Шрифт:
Интервал:
Закладка:
Другое дело, что Нестор рассматривал посягательство младших князей на власть старших как не только неправедное, но и как незаконное деяние. В этом отношении он был солидарен с безымянным печерским летописцем, осудившим младших князей-изгоев, силой пытавшихся урвать у старших либо отчины, либо хоть какие-то владения. Обличая Олега Святославича и Бориса Вячеславича, летописец выносил им суровый нравственный приговор: «…землѣ Русьскѣи много зло створше, проливше кровь хрестьянску, ея же крове взищеть Богъ от руку ею (от их руки. — А. Р.), и отвѣтъ дати има за погубленыа душа хрестьянскы»[195]. По словам современного историка, это «церковный взгляд»[196]. Нестор идет еще дальше. В «Чтении…» он сообщает о провиденциальном возмездии Святополку: «Люди подняли мятеж, и был он изгнан не только из города, но и из всей страны. Бежав в чужие земли, там и кончил свою жизнь и испустил дух». (В оригинале вместо слова «мятеж» употреблено синонимичное «крамола»[197].) Далее книжник описывает Ярослава Мудрого, установившего почитание святых братьев: «После смерти окаянного принял власть брат блаженных по имени Ярослав, он же был старше блаженных. Был это муж праведный и тихий, живший по заповедям Божиим»[198]. Нестор умалчивает, что это именно Ярослав вел со Святополком изнурительную многолетнюю борьбу за верховную власть на Руси и что братоубийца бежал из страны не вследствие некоей «крамолы», учиненной подданными, но из-за поражения в войне. Если «Повесть временных лет» и «Сказание о Борисе и Глебе» оправдали войну Ярослава против Святополка и легитимизировали его приход к власти, приписав ему роль мстителя за убиение Бориса и Глеба, то Нестор предпочел умолчать о реальной роли Ярослава Мудрого в междоусобице. А законность его власти он подчеркнул, указав на его старшинство.

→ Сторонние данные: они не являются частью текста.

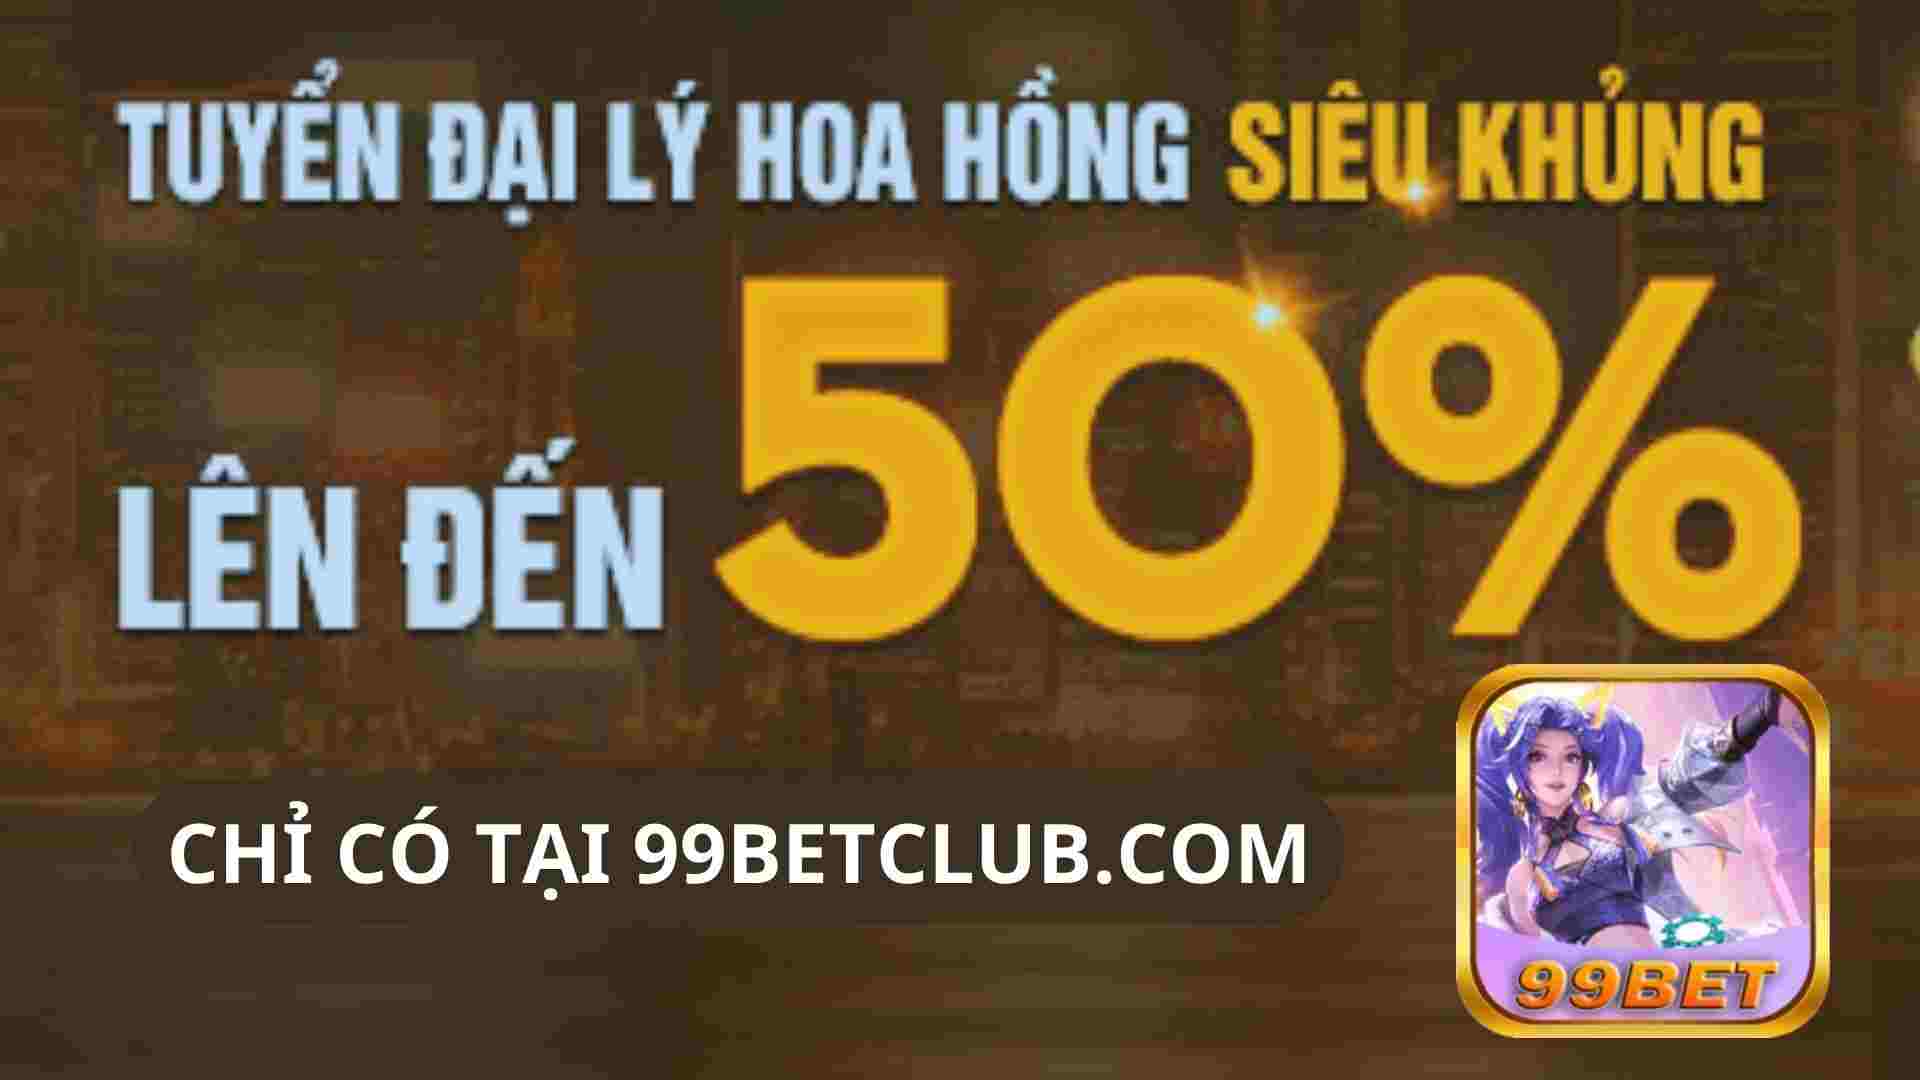 dai-ly-kiem-tien-len-toi-50%-tai-99betclub.jpg

Представление о том, что почитание Бориса и Глеба обладало прежде всего политическим, а не религиозным смыслом и являлось регулятором отношений между князьями, не вполне верно. Признание преимущества старших князей этот культ действительно утверждал, но Борис и Глеб вовсе не становились предметом для подражания.
Американская славистка Г. Ленхофф точно описала отличие поведения святых от действий, которые с точки зрения княжеской морали ожидались от властителей в ситуации угрозы жизни и власти. По ее словам, «акт братоубийства, совершенный Святополком ‹…› взывал к отмщению. Если реакция Ярослава (отомстившего Святополку за грех братоубийства. — А. Р.) справедлива в глазах клана (и, понятно, находится в пределах закона), то и от Бориса и Глеба можно было бы тоже ожидать сопротивления, тем более что напавшие на них не были ни братьями, ни князьями, но всего лишь наемными убийцами. Пассивное сопротивление такого рода не могло рассматриваться как княжеская добродетель, потому что компрометировало способность князя править: это была, скорее, добродетель святого, и она выходит на передний план в текстах, отражающих позднейшие стадии культа»[199].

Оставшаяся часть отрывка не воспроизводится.